** Problem to work on **
What you return should be every line below, word for word, and none of the images.
BEGIN Supplied material
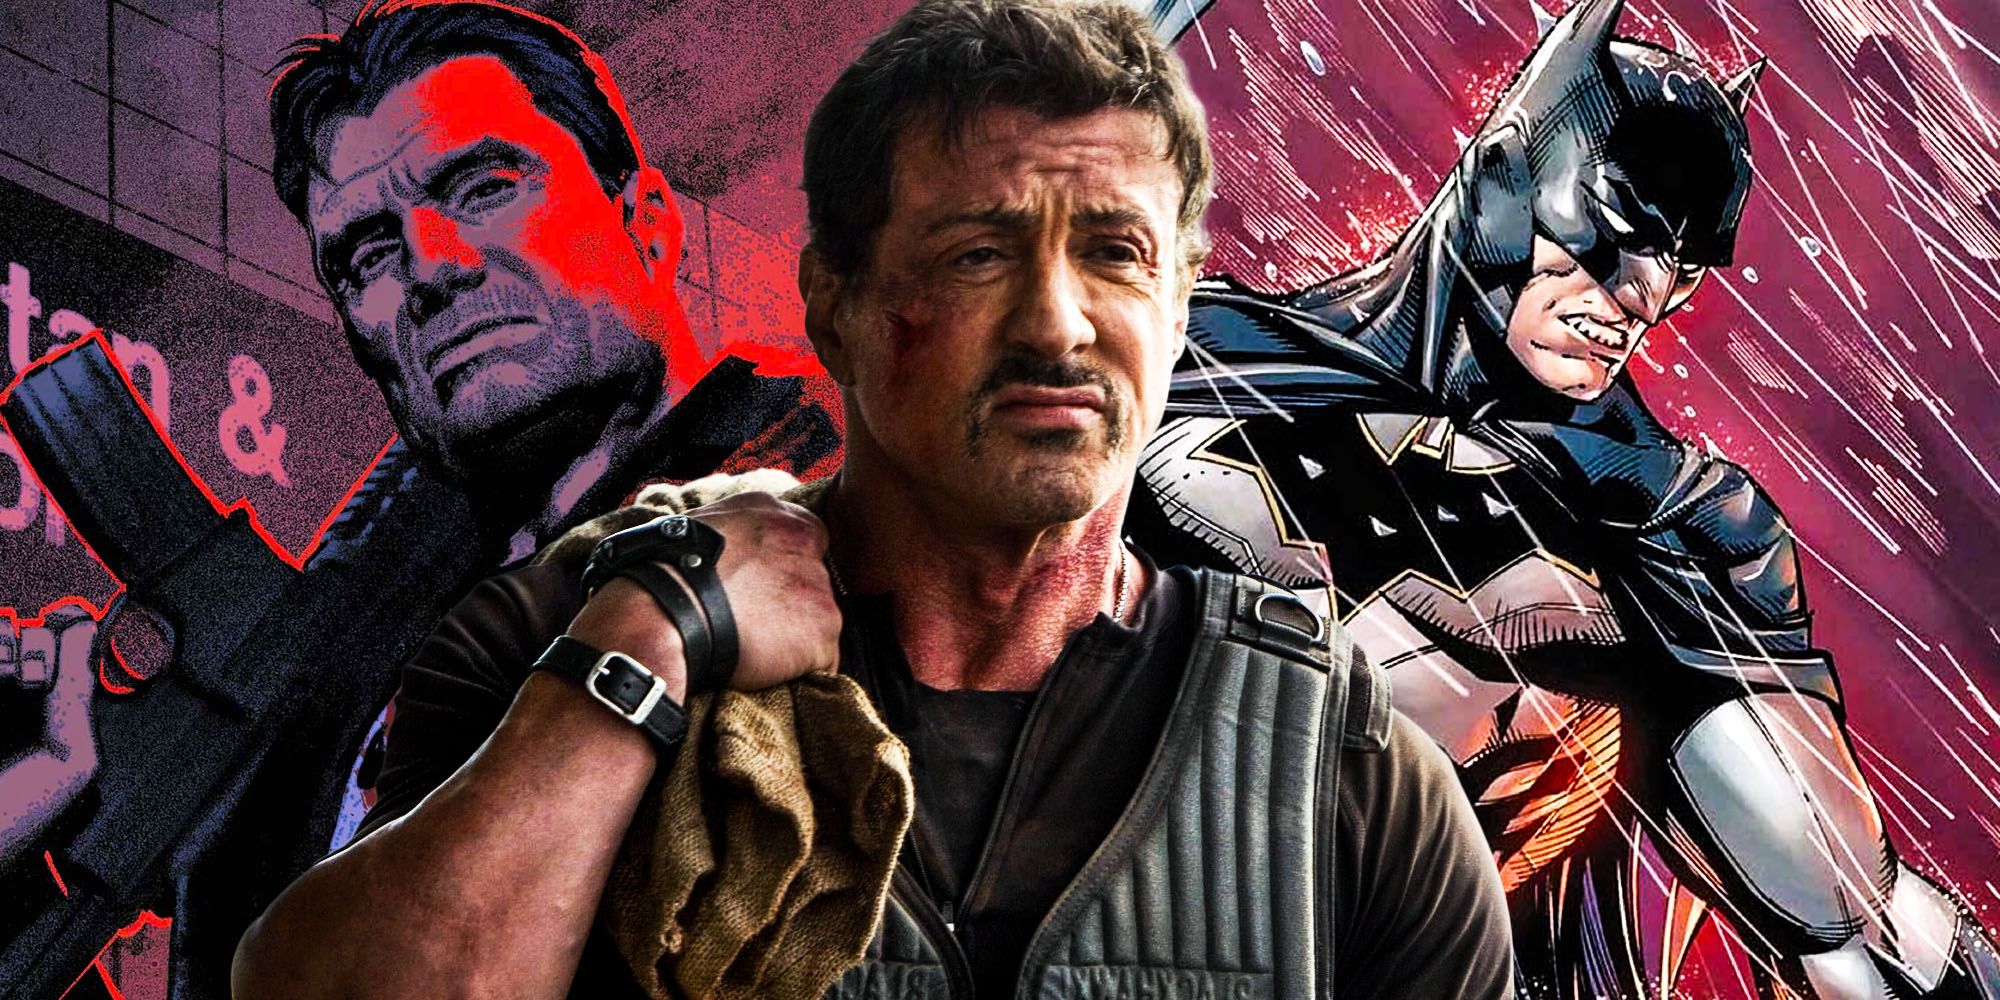 Sylvester Stallone on playing Batman the punisher
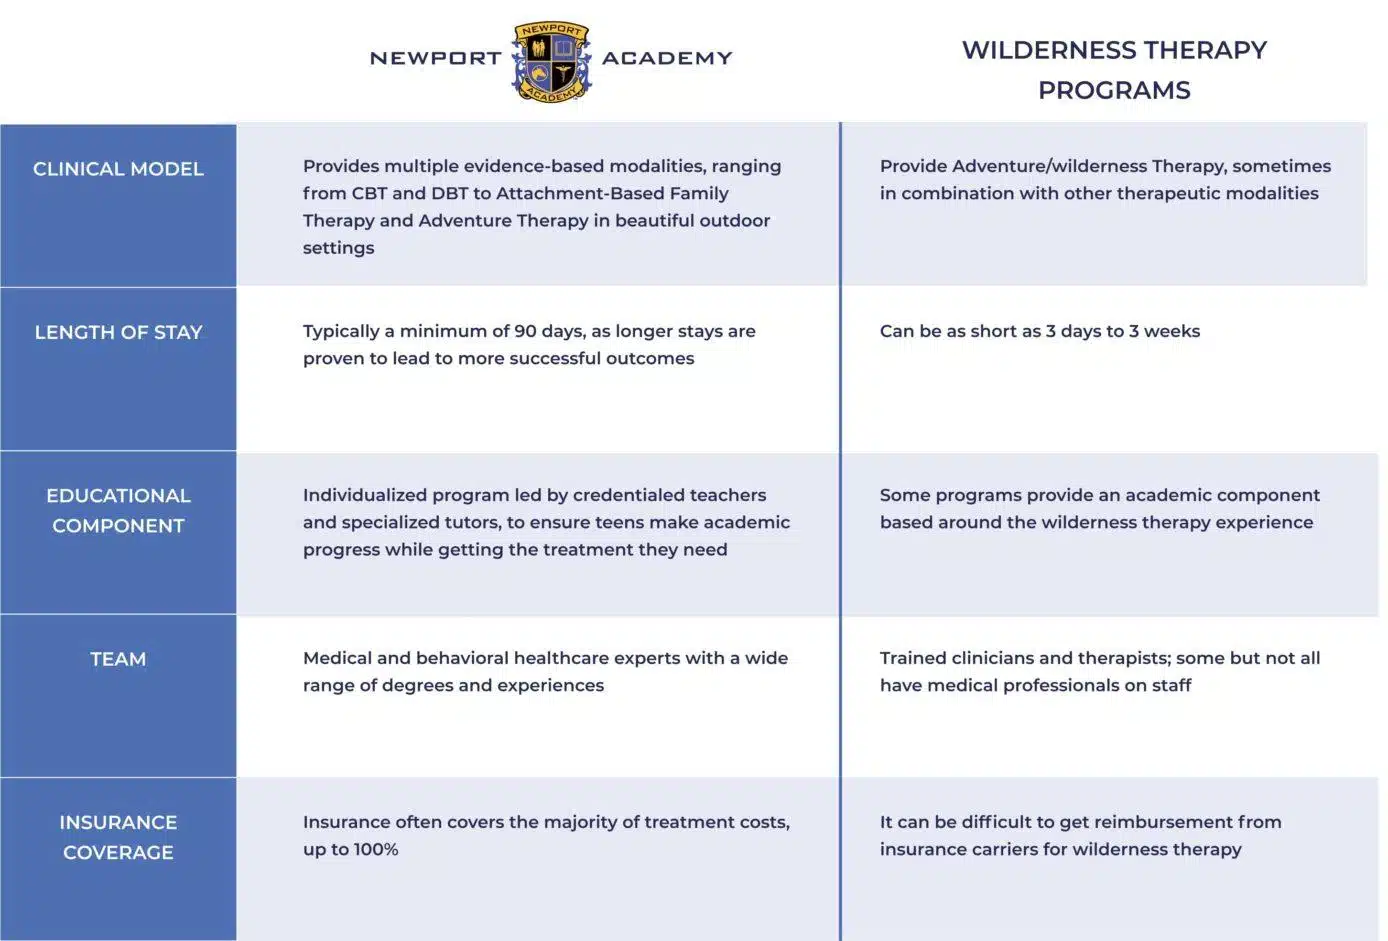 A chart comparing Newport Academy with typical Wilderness Therapy Programs. Row 1, Clinical Model: Newport Provides multiple evidence-based modalities, ranging from CBT and DBT to Attachment-Based Family Therapy and Adventure Therapy in beautiful outdoor settings. Wilderness programs Provide Adventure/wilderness Therapy, sometimes in combination with other therapeutic modalities. Row 2, Length of Stay. Newport Academy: Typically a minimum of 90 days, as longer stays are proven to lead to more successful outcomes. Wilderness programs Can be as short as 3 days to 3 weeks. Row 3 Educational Component. Newport: Individualized program led by credentialed teachers and specialized tutors, to ensure teens make academic progress while getting the treatment they need, Wilderness programs: Some programs provide an academic component based around the wilderness therapy experience. Row 4, Team. Newport: Medical and behavioral healthcare experts with a wide range of degrees and experiences. Wilderness programs: Trained clinicians and therapists; some but not all have medical professionals on staff. Row 5: Insurance Coverage. Newport: Insurance often covers the majority of treatment costs, up to 100%. Wilderness programs: It can be difficult to get reimbursement from insurance carriers for wilderness therapy.
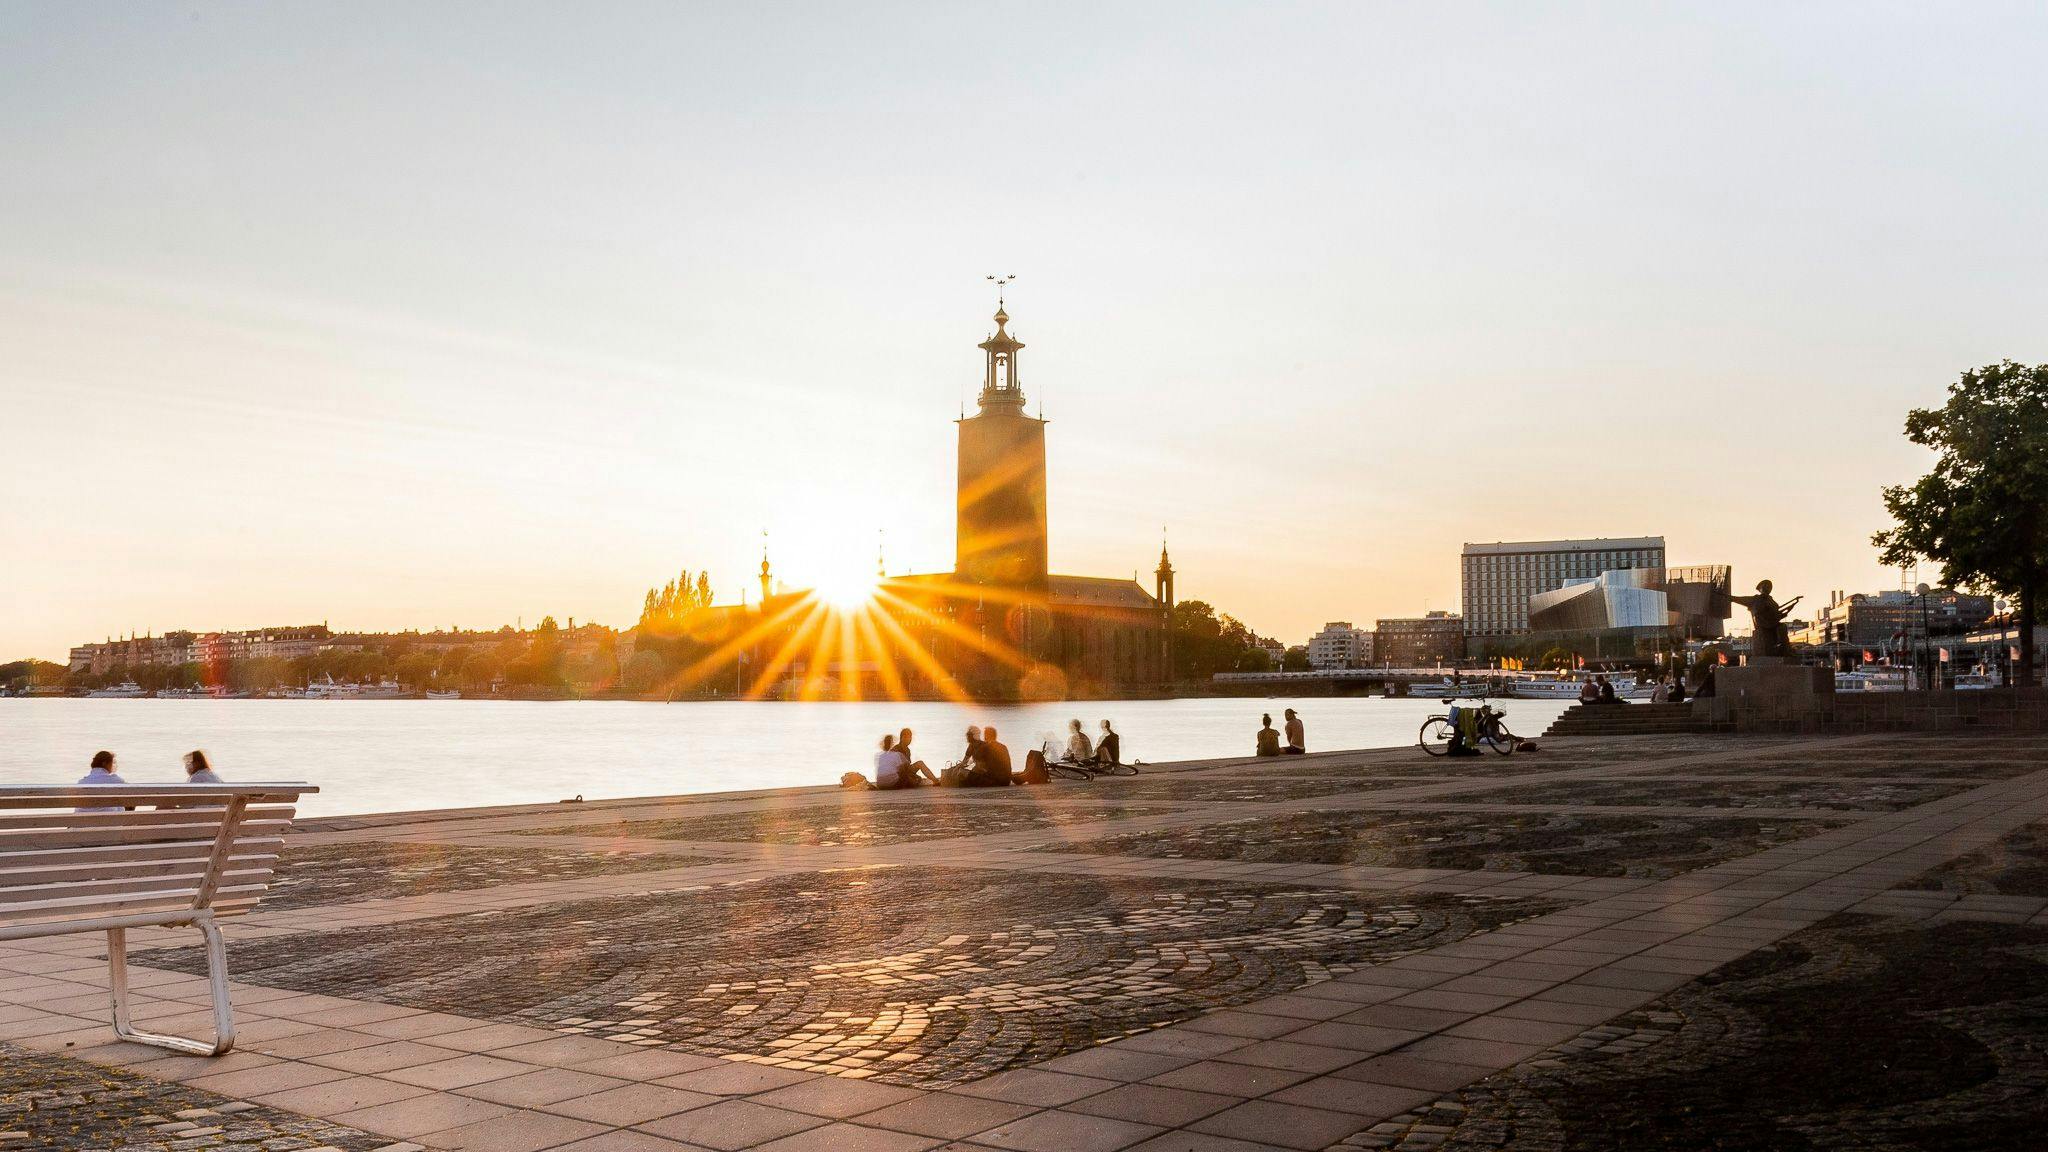 A photograph  of downtown, city, building and person in Stockholm. Photograph by Thorben Mielke via Unsplash https://unsplash.com/photos/juf9opFKn2k
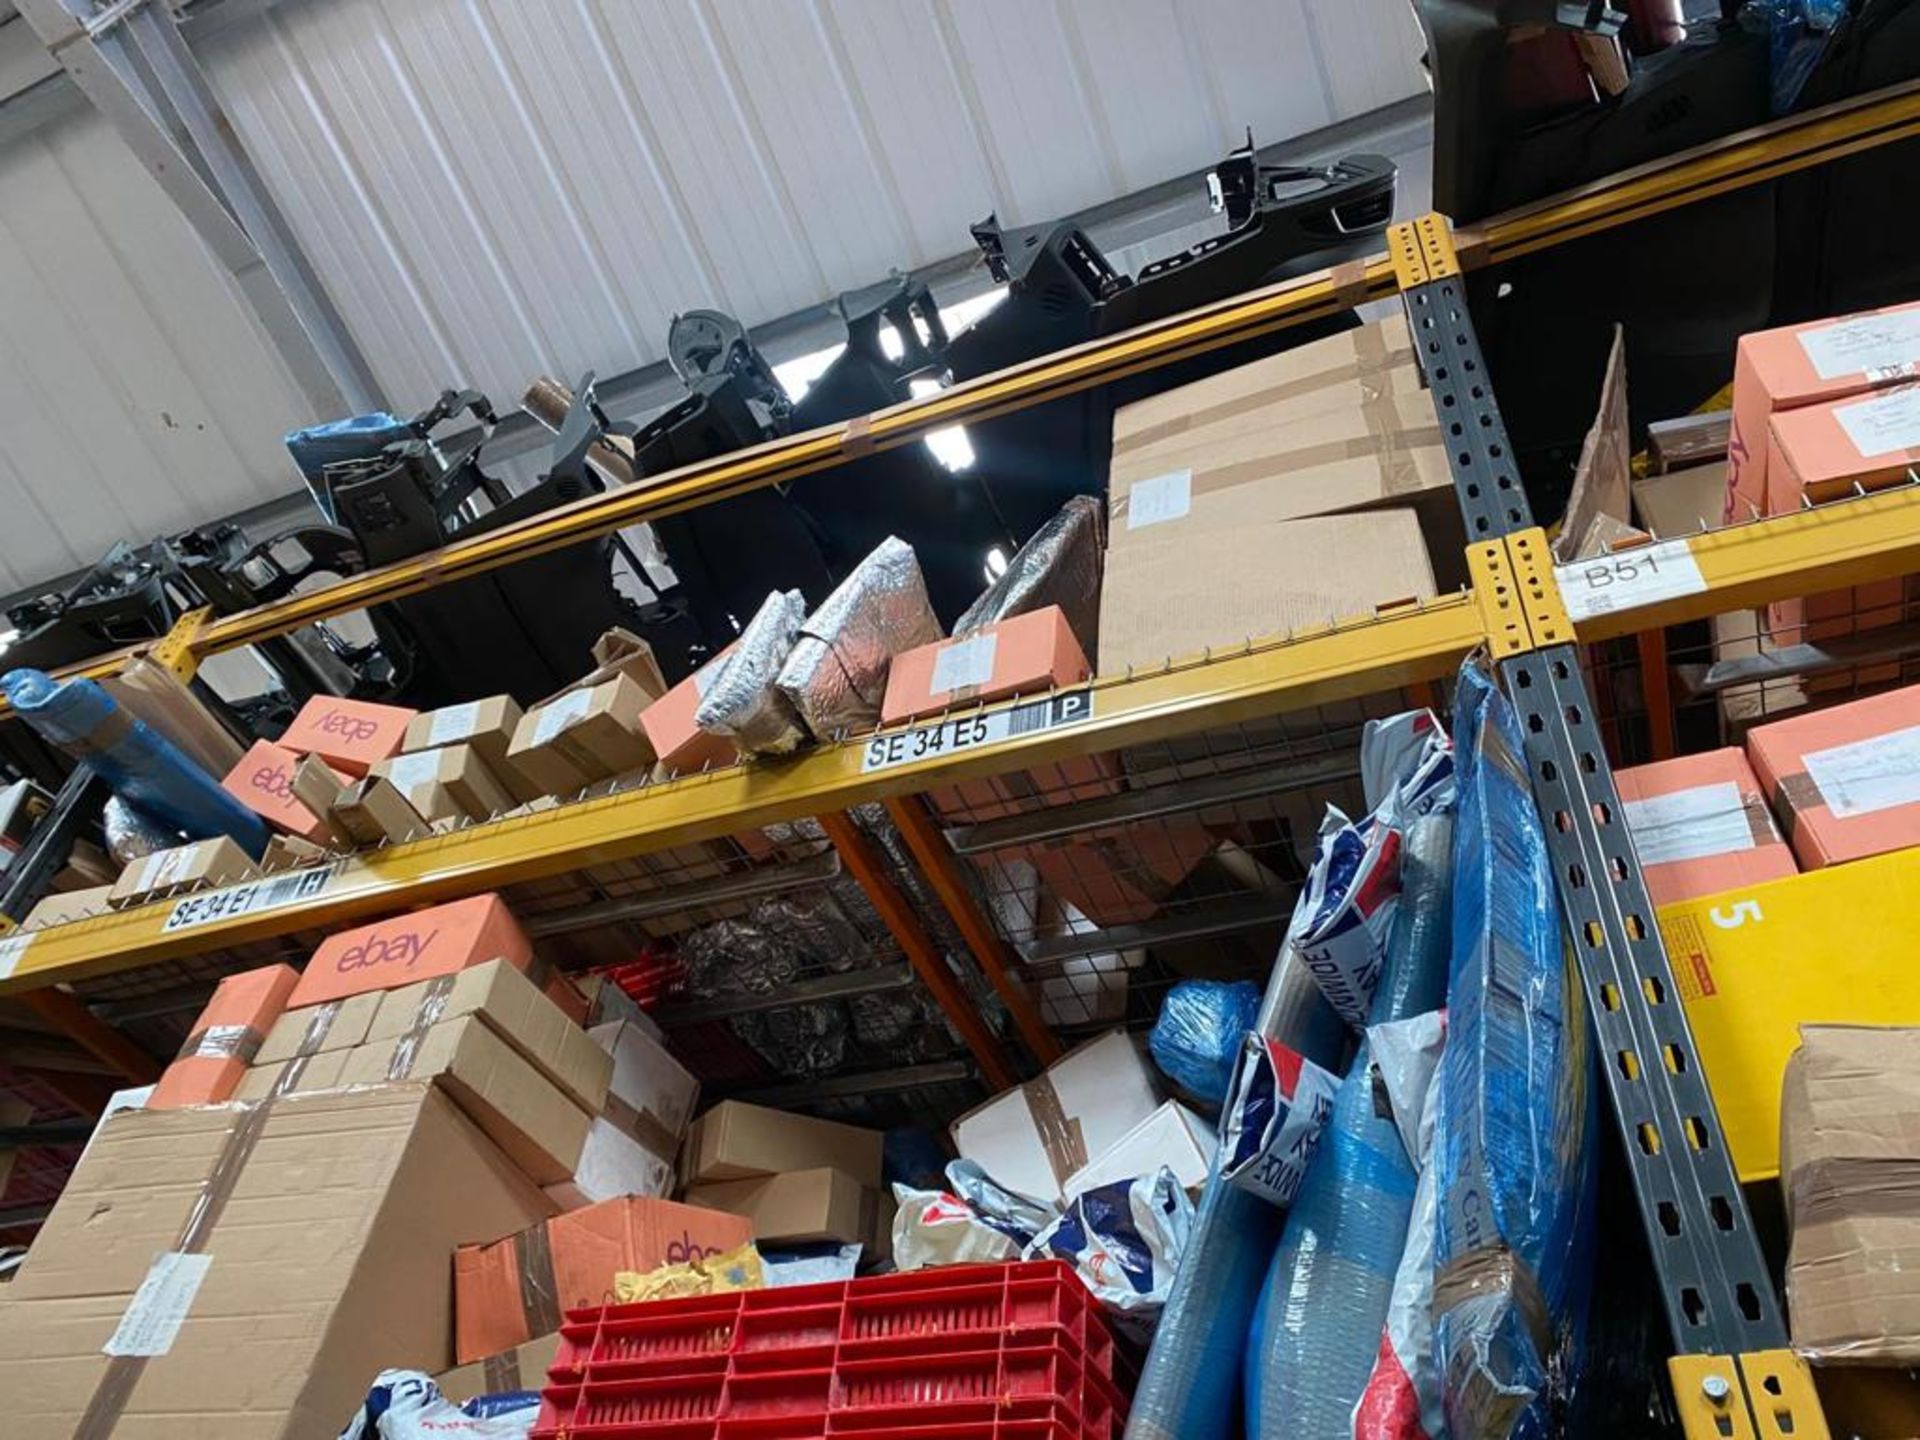 BULK ITEMS JOB LOT OF USED CAR PARTS - £350K ONGOING BUSINESS STOCK CLEARANCE FOR SALE! *NO VAT* - Image 44 of 95
END Supplied material
** Written response **
 Sylvester Stallone on playing Batman the punisher
 A chart comparing Newport Academy with typical Wilderness Therapy Programs. Row 1, Clinical Model: Newport Provides multiple evidence-based modalities, ranging from CBT and DBT to Attachment-Based Family Therapy and Adventure Therapy in beautiful outdoor settings. Wilderness programs Provide Adventure/wilderness Therapy, sometimes in combination with other therapeutic modalities. Row 2, Length of Stay. Newport Academy: Typically a minimum of 90 days, as longer stays are proven to lead to more successful outcomes. Wilderness programs Can be as short as 3 days to 3 weeks. Row 3 Educational Component. Newport: Individualized program led by credentialed teachers and specialized tutors, to ensure teens make academic progress while getting the treatment they need, Wilderness programs: Some programs provide an academic component based around the wilderness therapy experience. Row 4, Team. Newport: Medical and behavioral healthcare experts with a wide range of degrees and experiences. Wilderness programs: Trained clinicians and therapists; some but not all have medical professionals on staff. Row 5: Insurance Coverage. Newport: Insurance often covers the majority of treatment costs, up to 100%. Wilderness programs: It can be difficult to get reimbursement from insurance carriers for wilderness therapy.
 A photograph  of downtown, city, building and person in Stockholm. Photograph by Thorben Mielke via Unsplash https://unsplash.com/photos/juf9opFKn2k
 BULK ITEMS JOB LOT OF USED CAR PARTS - £350K ONGOING BUSINESS STOCK CLEARANCE FOR SALE! *NO VAT* - Image 44 of 95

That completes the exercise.